Teens who suffer from depression but feel reluctant to go to a therapist can get help from video games, new research published in the journal BMJ shows. The study, which was conducted in New Zealand, makes use of a newly developed video game called SPARX to give teens cognitive behavioral therapy. The acronym means "smart, positive, active, realistic, and X-factor thoughts" and aims to help teens conquer depression by defeating "gloomy negative automatic thoughts" in a virtual world.

Players use an avatar to navigate seven levels of the world. Each level addresses particular problems related to depression. For example, the first level, called Cave Province, gives teens information about the condition. Another level called Volcano Province helps them deal with anger. 

Researchers tested the game on 168 teens who had previously asked for help with depression from guidance counselors or doctors. Almost two-thirds of them were girls. Half of the group continued going to therapy (five sessions of one-on-one counseling), while the other half played SPARX.

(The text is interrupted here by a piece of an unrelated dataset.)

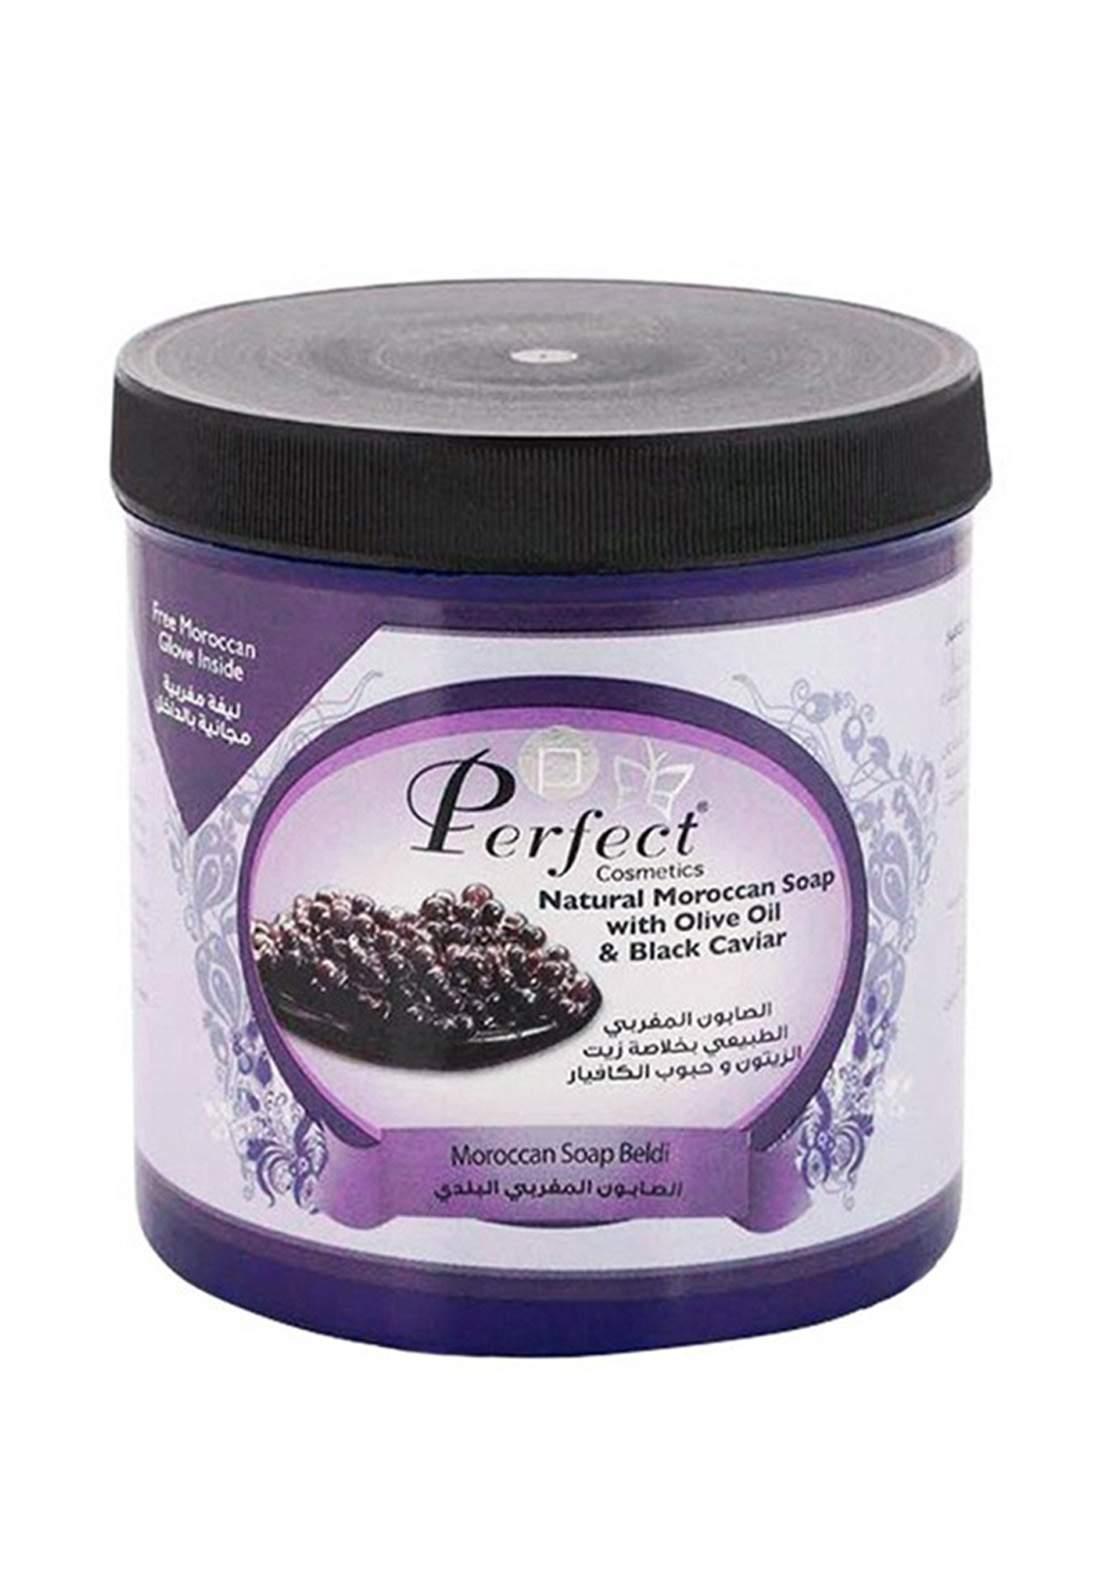 Perfect Cosmetics Moroccan Soap With Olive Oil & Black Caviar 1000ml صابون مغربي
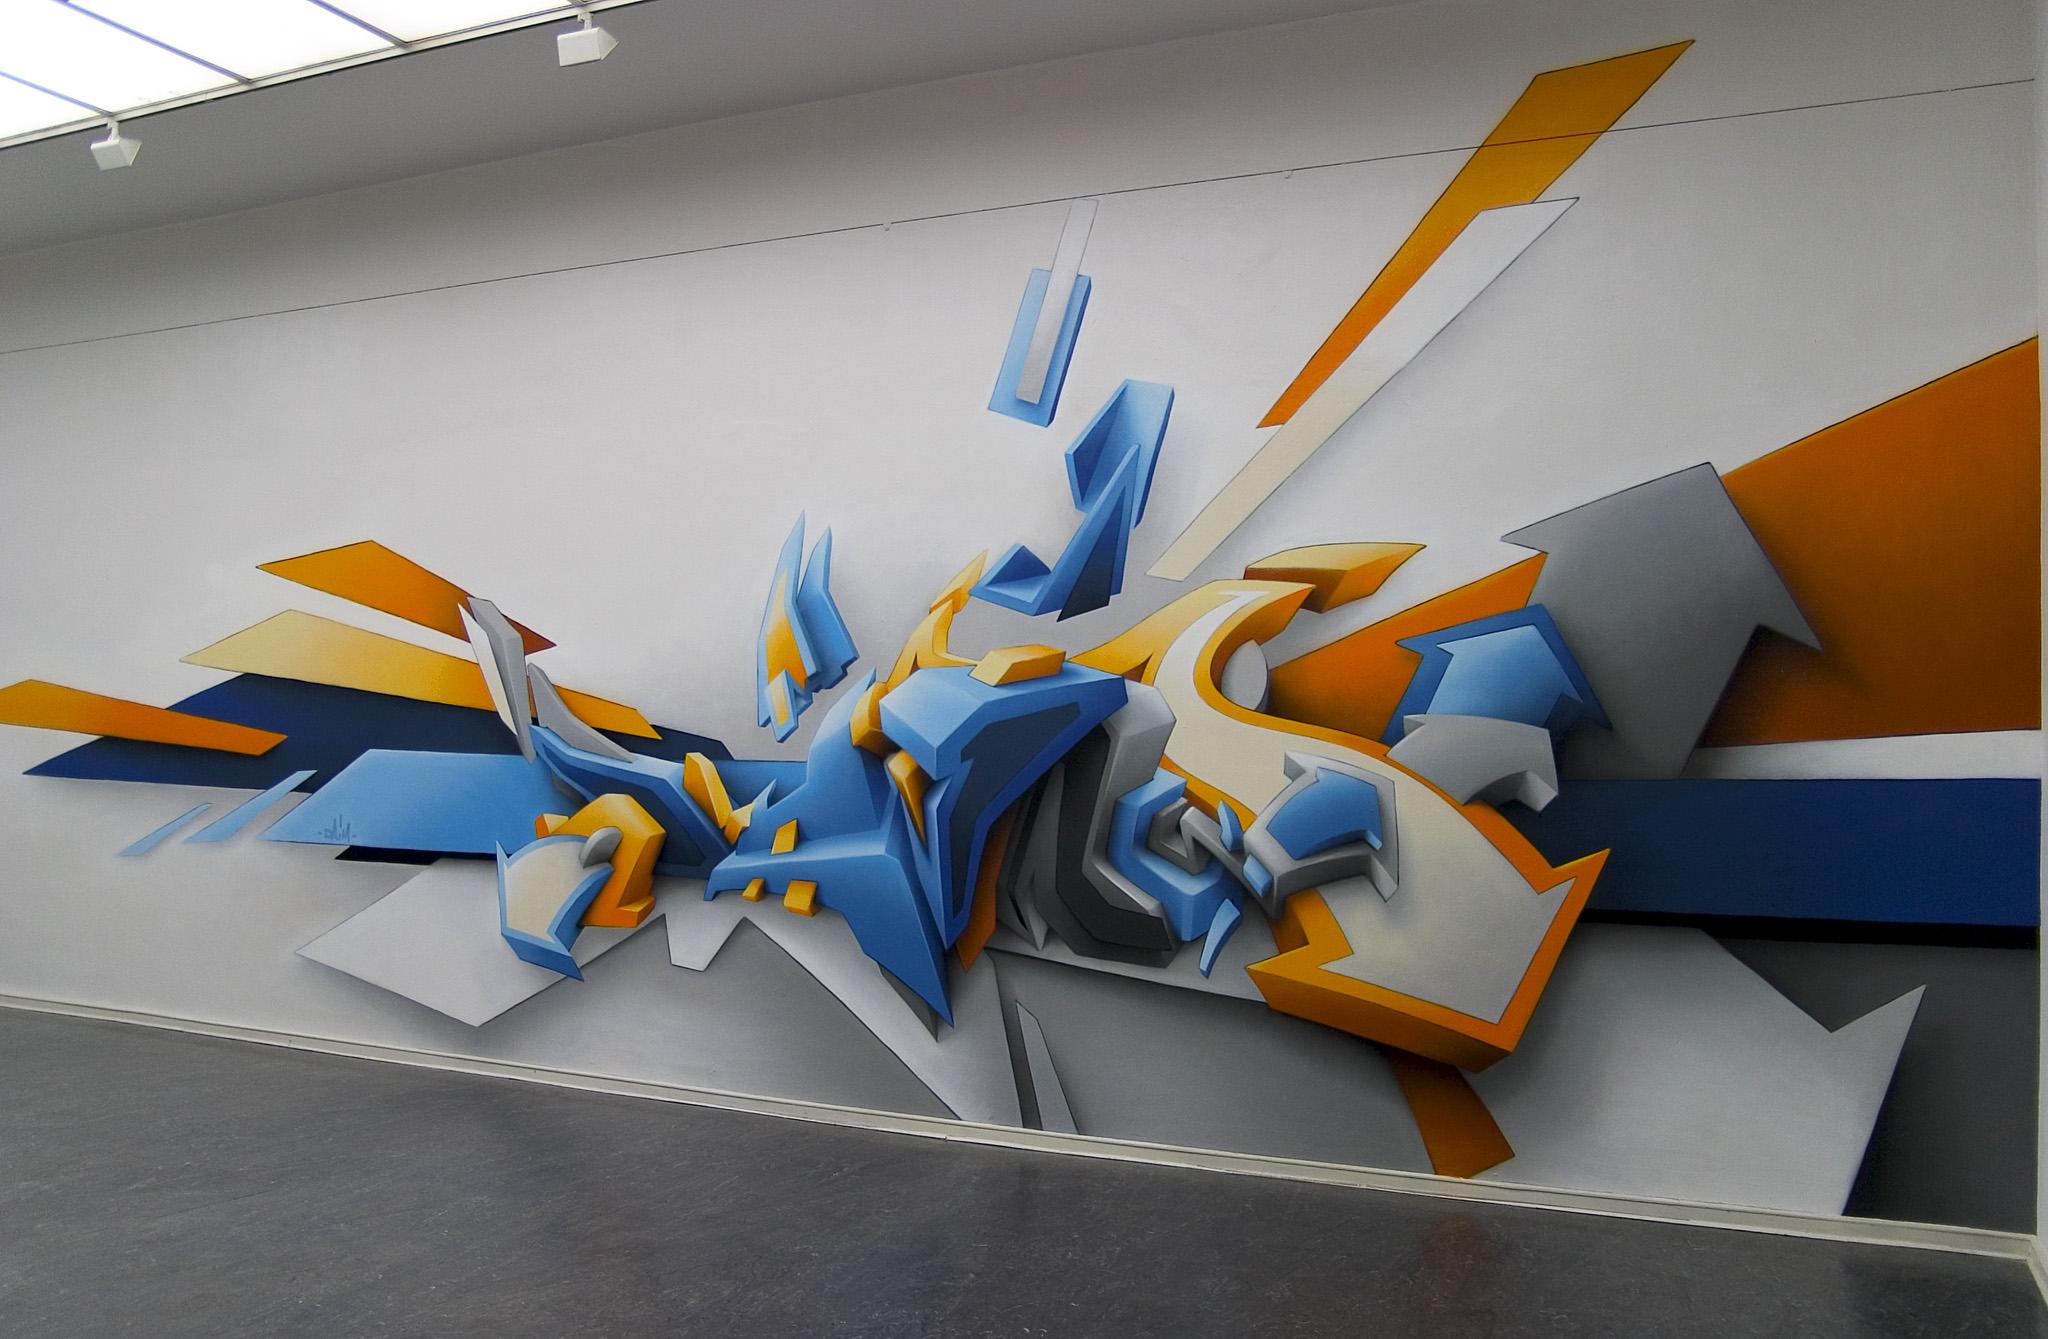 Artistic - Graffiti - Junlia - George Wallpaper

Results showed that 44 percent of the SPARX players successfully recovered from depression. Meanwhile, only 26 percent of those attending regular treatment did. Out of the gamers, 60 percent experienced at least a 30-percent decrease in depression symptoms.

This study shows that while having face-to-face therapy is crucial for developing better mental health, there are other tools that can also help depressed teens, especially if they're worried about the stigma that  sometimes comes with seeing a therapist.